Required action:
Begin your copy at the line with "WNY Living - January" in the records below and end it at the line with "French actor Michael", restating each line word for word; omit the pictures.

The data:
[Start of section]

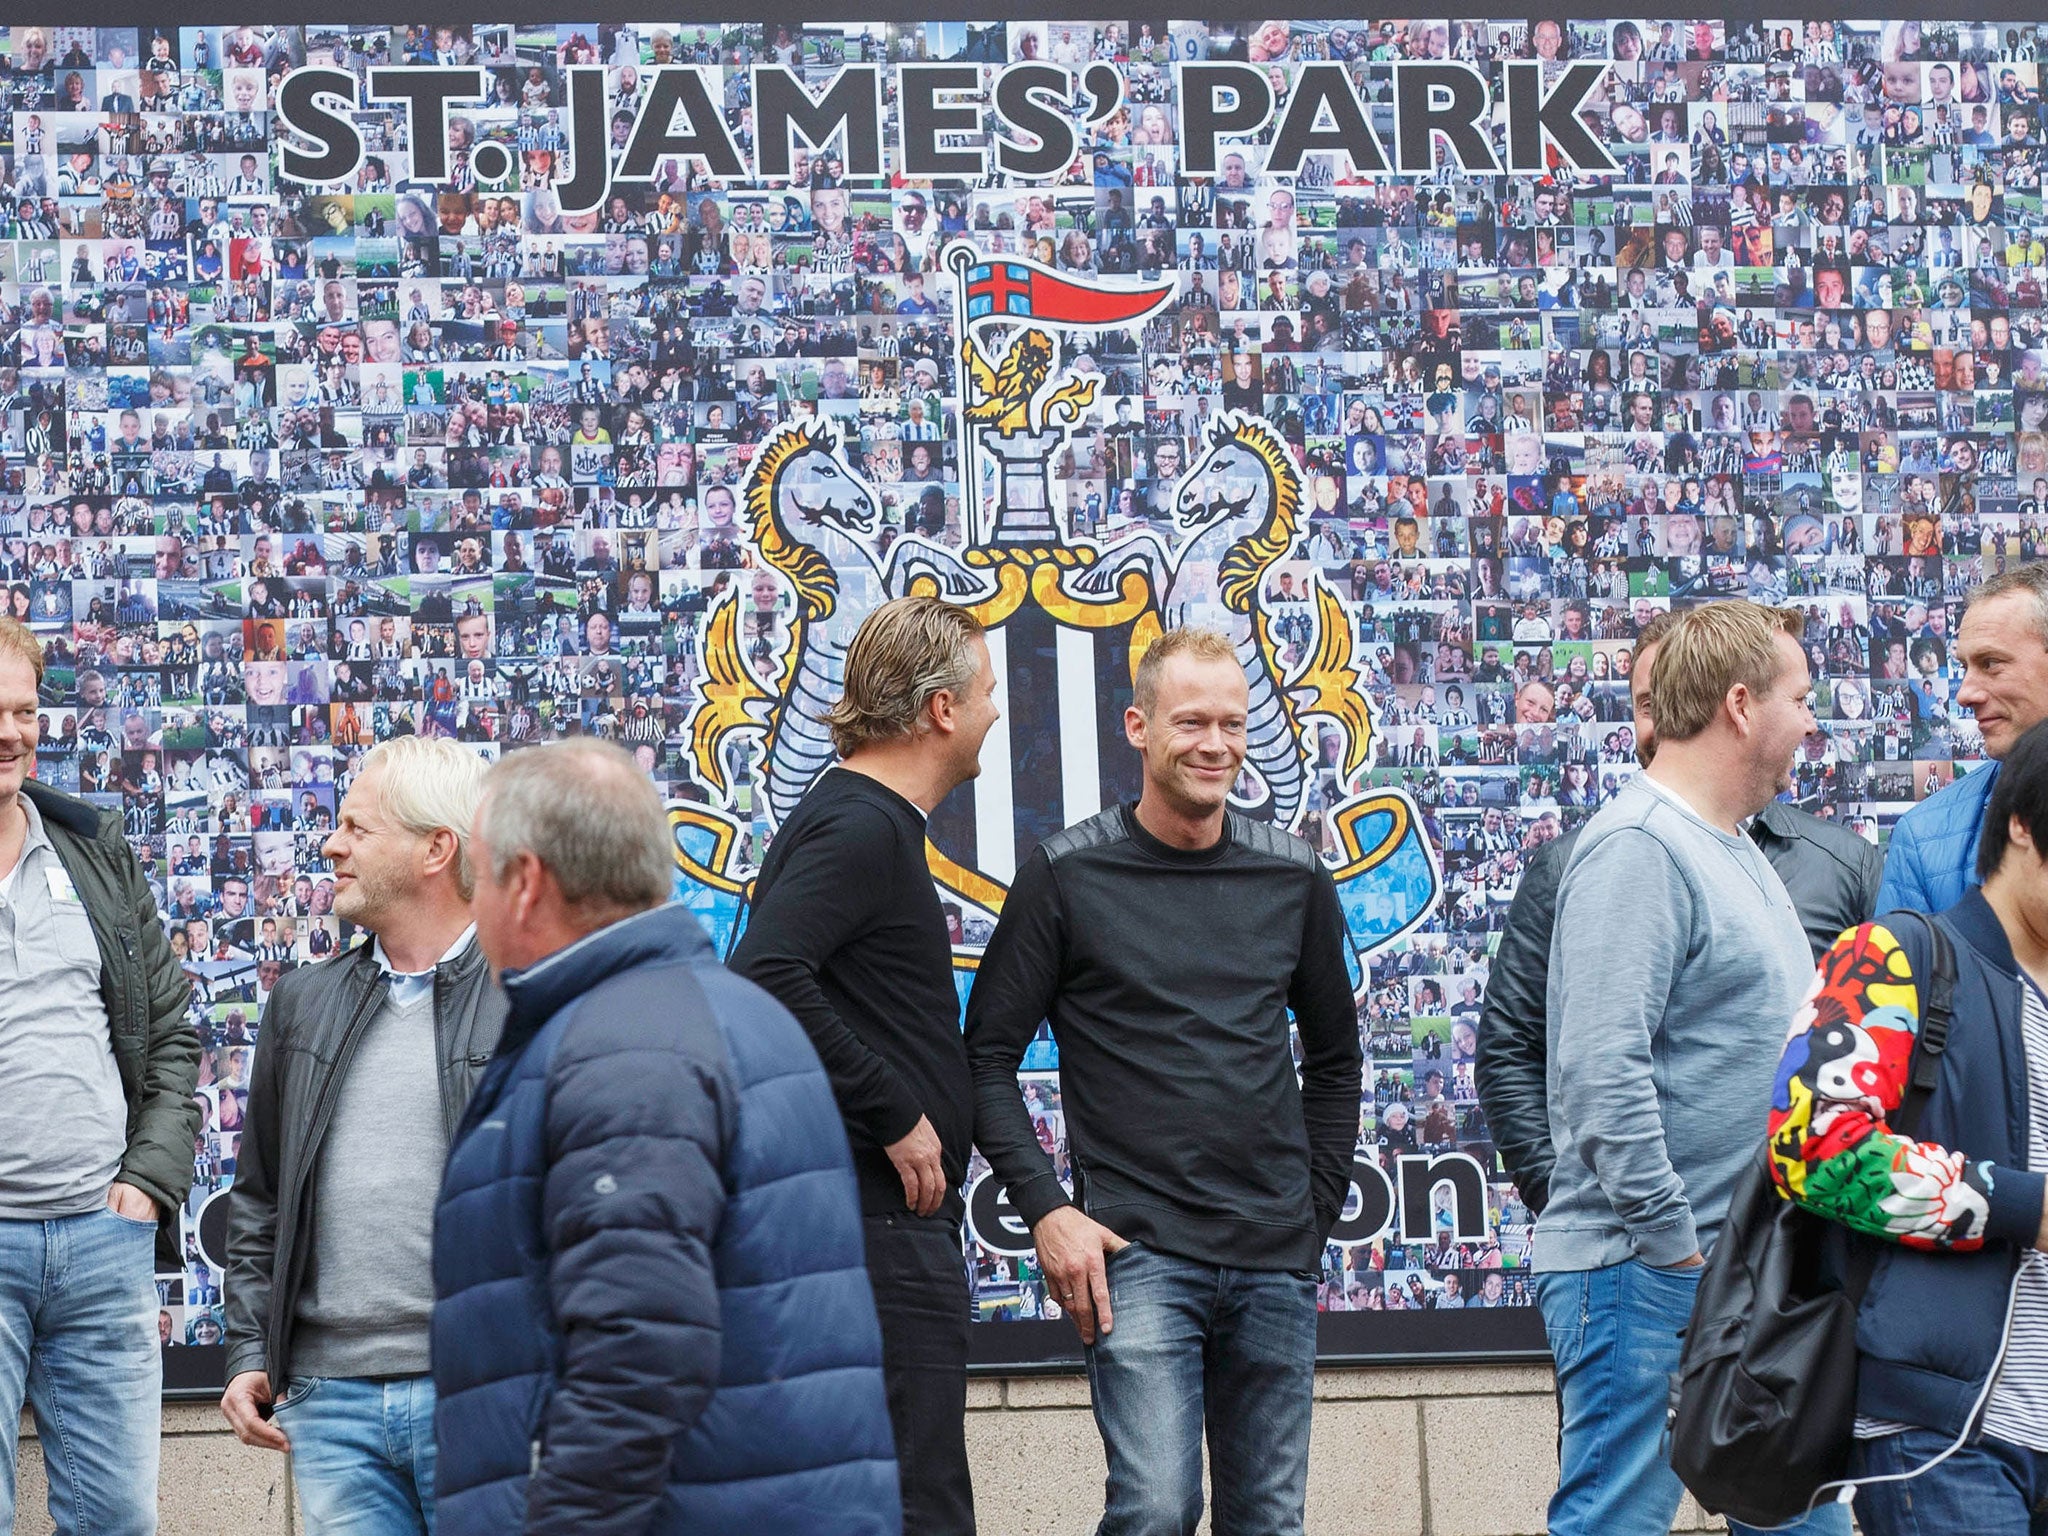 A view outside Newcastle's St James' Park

[End of section]
[Start of section]

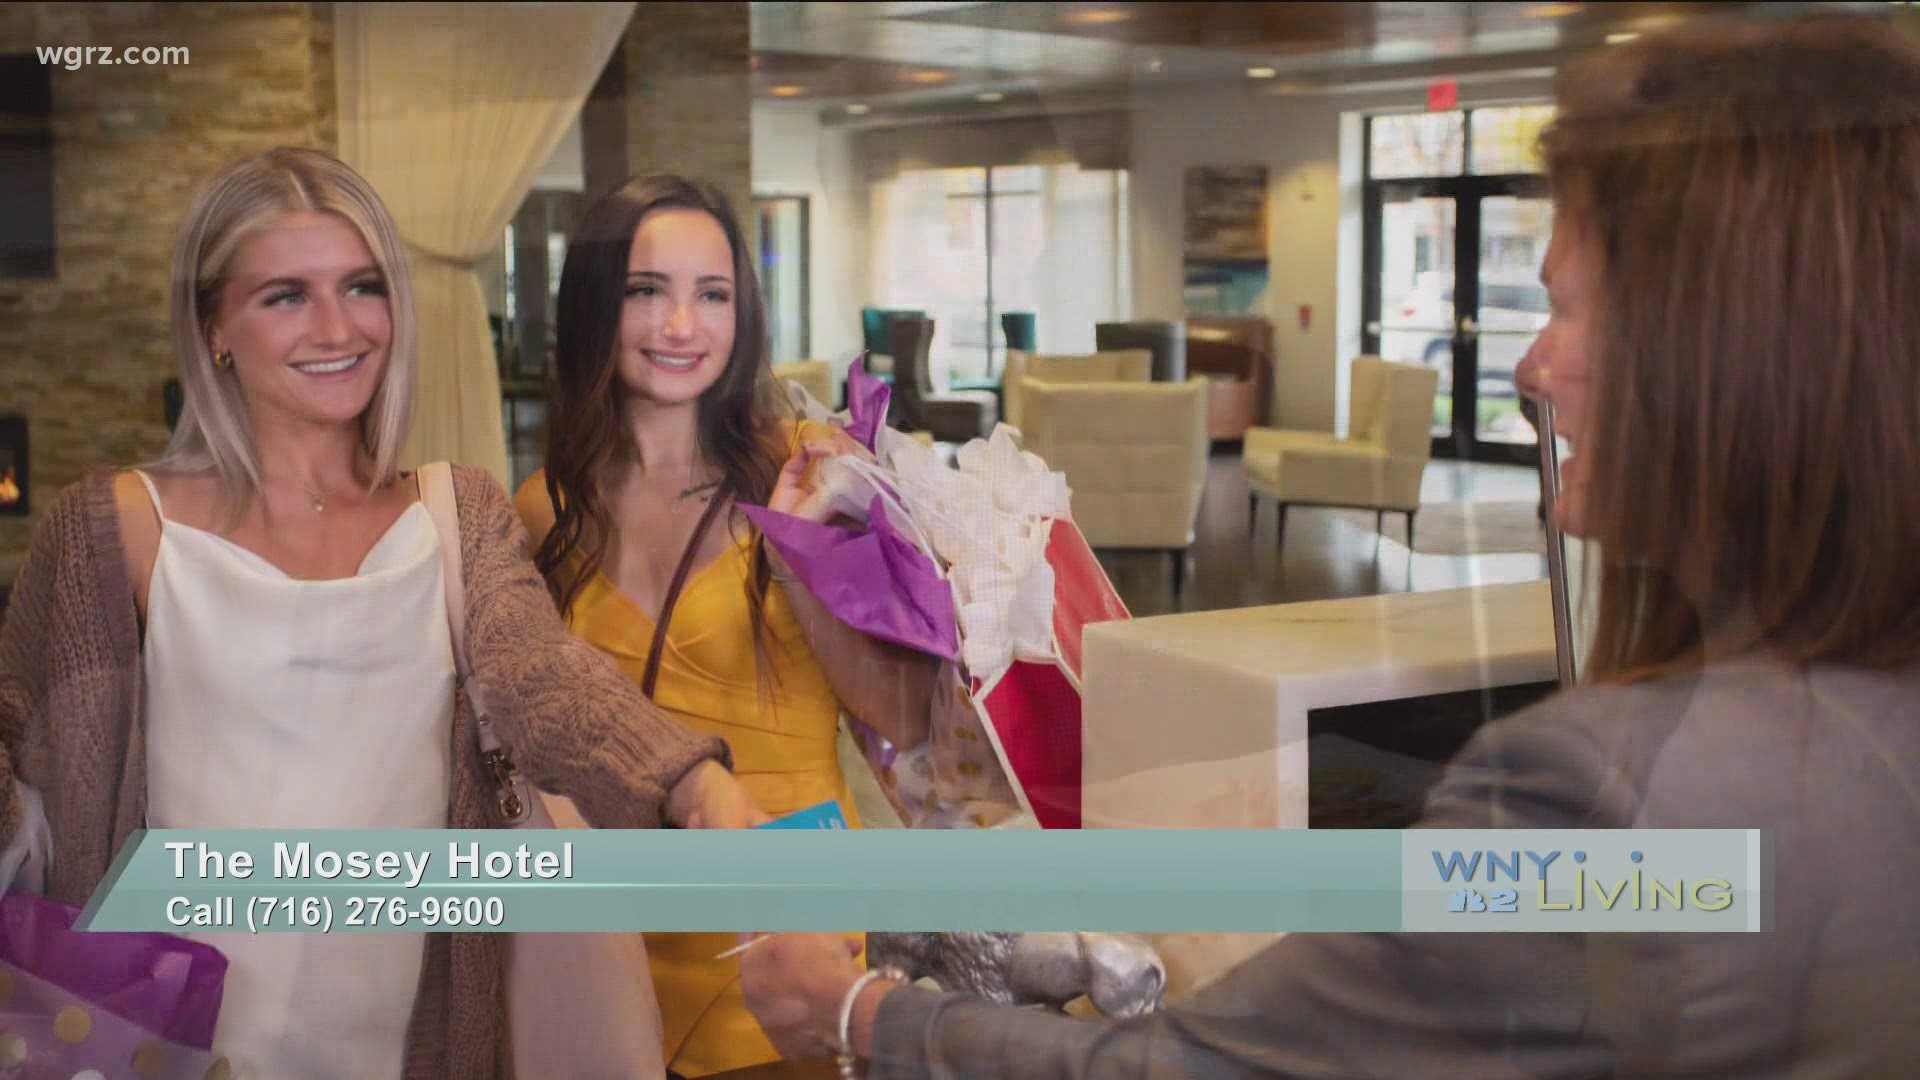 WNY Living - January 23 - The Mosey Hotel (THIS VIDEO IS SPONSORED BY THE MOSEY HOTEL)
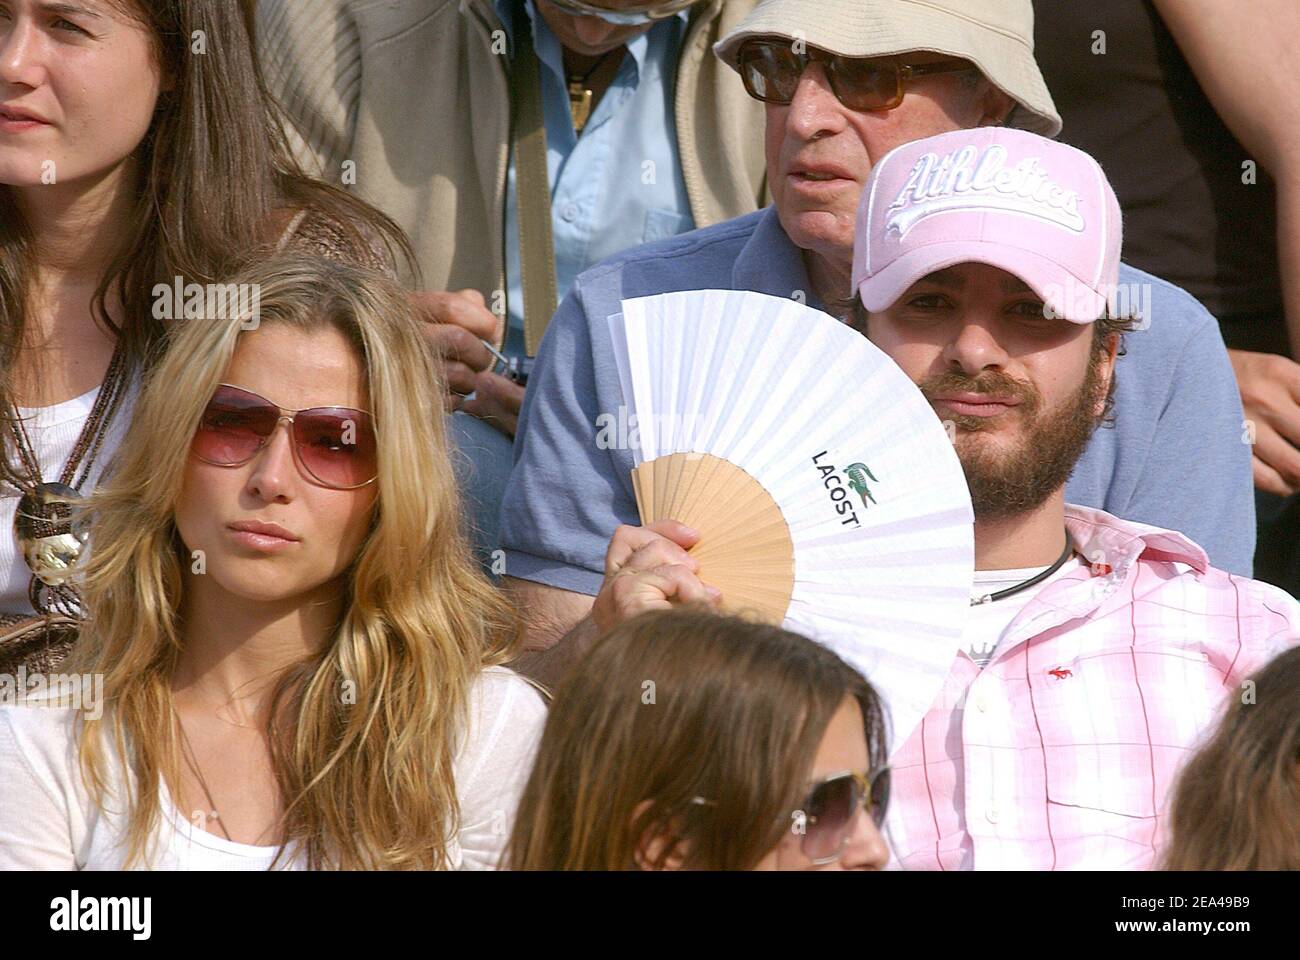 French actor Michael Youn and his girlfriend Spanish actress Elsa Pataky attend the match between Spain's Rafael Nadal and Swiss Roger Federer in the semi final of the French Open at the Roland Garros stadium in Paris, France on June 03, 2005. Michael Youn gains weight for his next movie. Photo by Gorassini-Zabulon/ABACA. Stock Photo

[End of section]

Expected answer:
 WNY Living - January 23 - The Mosey Hotel (THIS VIDEO IS SPONSORED BY THE MOSEY HOTEL)
 French actor Michael Youn and his girlfriend Spanish actress Elsa Pataky attend the match between Spain's Rafael Nadal and Swiss Roger Federer in the semi final of the French Open at the Roland Garros stadium in Paris, France on June 03, 2005. Michael Youn gains weight for his next movie. Photo by Gorassini-Zabulon/ABACA. Stock Photo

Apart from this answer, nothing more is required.